Online Convex Optimization Perspective for Learning from Dynamically Revealed Preferences
This work addresses the challenge of online learning from revealed preferences for applications in economics and machine learning, representing an incremental improvement with a unified framework.
The paper tackles the problem of learning an agent's utility function from observed actions in a changing environment by introducing a new convex loss function within an online convex optimization framework, achieving improved regret performance and solution time compared to existing methods.
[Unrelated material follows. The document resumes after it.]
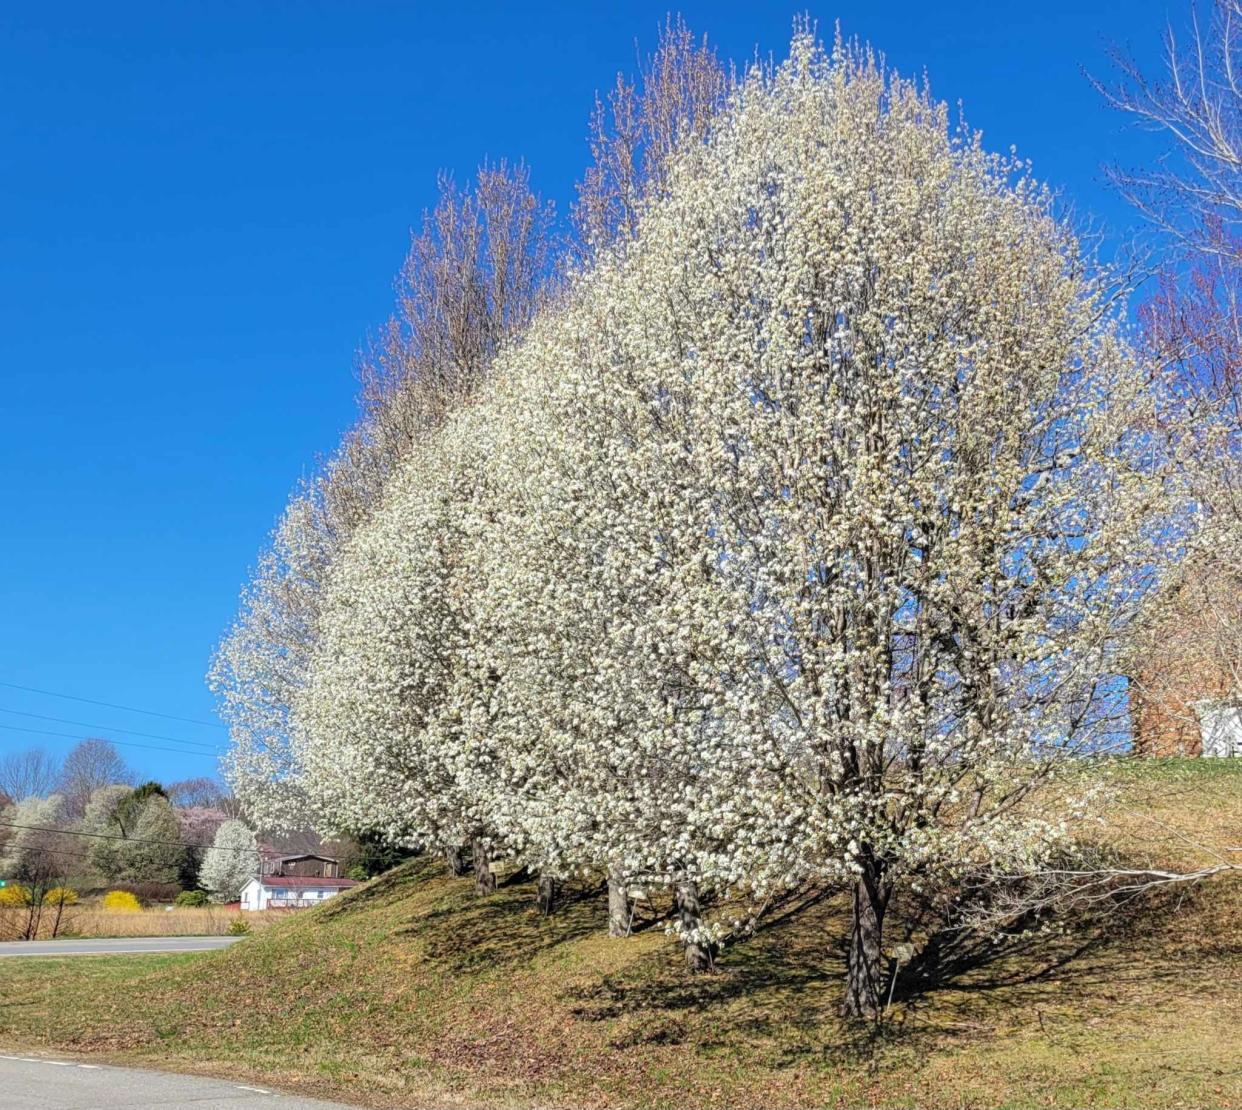 Bradford pears are now considered an invasive species for many states in the U.S.

We study the problem of online learning (OL) from revealed preferences: a learner wishes to learn a non-strategic agent's private utility function through observing the agent's utility-maximizing actions in a changing environment. We adopt an online inverse optimization setup, where the learner observes a stream of agent's actions in an online fashion and the learning performance is measured by regret associated with a loss function. We first characterize a special but broad class of agent's utility functions, then utilize this structure in designing a new convex loss function. We establish that the regret with respect to our new loss function also bounds the regret with respect to all other usual loss functions in the literature. This allows us to design a flexible OL framework that enables a unified treatment of loss functions and supports a variety of online convex optimization algorithms. We demonstrate with theoretical and empirical evidence that our framework based on the new loss function (in particular online Mirror Descent) has significant advantages in terms of regret performance and solution time over other OL algorithms from the literature and bypasses the previous technical assumptions as well.